Te poszczególne ruchy mają ze sobą wiele wspólnego i łączy je jeden, niezmienny cel: dobro Polski i Polaków. Cel ważniejszy niż różnice. Nie możemy się skupiać na tym, co Nas dzieli, ale na tym, co jednoczy, bo właśnie to stanowi sedno naszej siły. Jeśli będziemy umieli ją wykorzystać osiągniemy znacznie więcej, niż osobno. Różnice występują głównie na tle gospodarczym, jednak założenia światopoglądowe są bardzo podobne z drobnymi niuansami.
Czytaj także: Geostrategia, czas na radykalne zmiany
Rzec by się chciało: sielanka, duża rola prawicy w społeczeństwie sprawi, że Polska wkrótce będzie miała rząd prawdziwie prawicowy. Dlaczego tak nie jest? Problem leży w wygórowanych ambicjach poszczególnych „wodzów”. Ta „prywata”, postawa egoistyczna i indywidualistyczna chęć wypromowania się, nie tylko skutecznie zapobiega jakiejkolwiek współpracy, jak najbardziej wskazanej, ale nawet doprowadza do wzajemnego zwalczania się tych ruchów. Nie chcę uogólniać, wina leży zwykle po obu stronach. Zawsze znajdą się Ci tzw. „karierowicze”, ale oni pod żadnym pozorem nie powinni przygaszać Naszych wspólnych dążeń. Takie działania są utopijne, a decyzje izolacjonistyczne niektórych organizacji można nazwać „samo-destrukcyjnymi”. Uwidocznione kłótnie między różnymi ruchami prawicowymi pokazują tylko i wyłącznie małostkowość pewnych osób. Każdy patriota ma obowiązek piętnować takie zachowania, jako szkodliwe dla wyznawanych przez Nas ideałów.

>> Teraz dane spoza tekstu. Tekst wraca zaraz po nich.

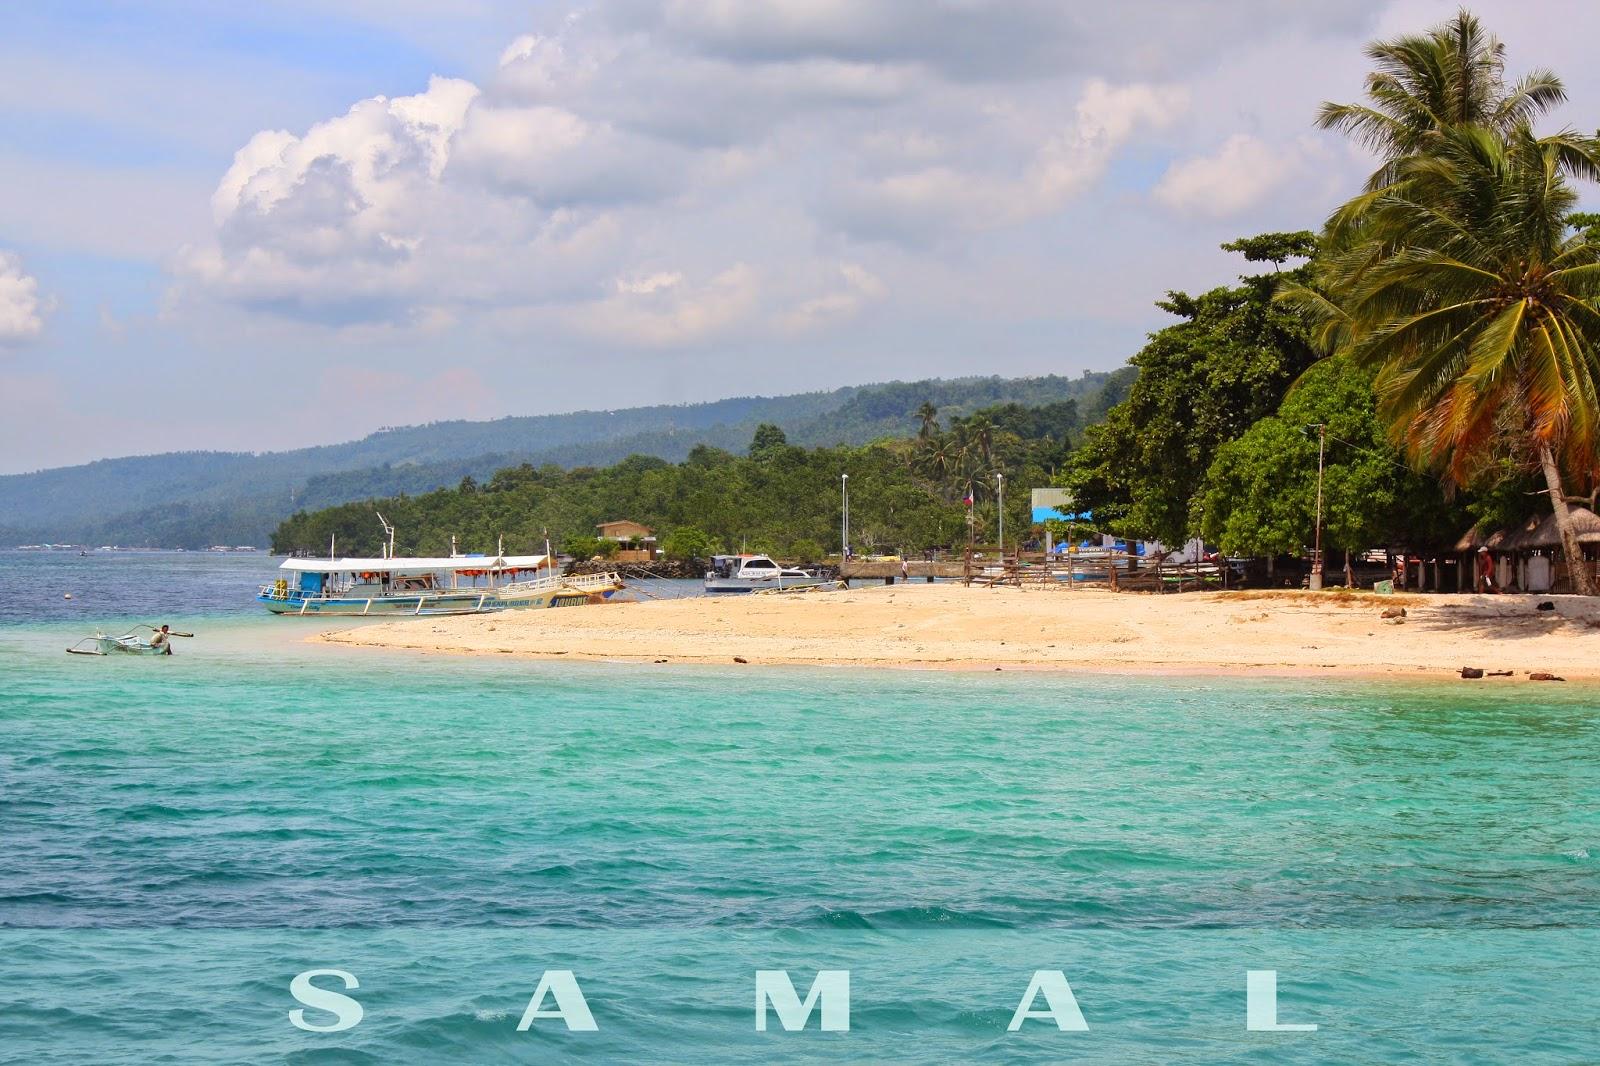 Kaputian Beach Park, one of the popular Samal beaches

Nie oszukujmy się, chociaż stanowimy realną siłę, to nadal jest Nas za mało. Lewica nie tylko w Polsce, ale także w całej Europie jest bardzo silna. Potwierdza to wybór na prezydenta Francji – socjalisty, François Hollande’a. Bezsensowne i bezcelowe kłótnie między nami, są czynnikiem jak najbardziej niepożądanym. Gdyby to były poważne dyskusje z konstruktywną krytyką, można byłoby do tego inaczej podejść, ale to są zwykłe, dziecinne przepychanki.
Ruch Narodowy ma na swojej uwadze wygaszenie niektórych z małostkowych sporów (np. na linii ONR-MW, które nie zawsze dobrze współpracowały, co po głębszej analizie ten konflikt jest zupełnie niezrozumiały, gdyż obydwie organizacja mają te same korzenie i można powiedzieć, że są ze sobą spokrewnione). Pisząc o tych sporach, przypominają mi się słowa R. Dmowskiego, że dogmatyzm jest zawężeniem i zubożeniem myśli narodowej. Człowiek czczony jako założyciel endecji jest niesłuchany przez swoich następców. Ruch Narodowy powinien działać się jako prawicowo-narodowy. Nie dla ujednolicenia poglądów, to byłby powrót do wspomnianego wcześniej i wyśmianego dogmatyzmu. Lewica dla zwycięstwa, idzie ku szeroko pojętej współpracy i swojego ogólnego rozwoju.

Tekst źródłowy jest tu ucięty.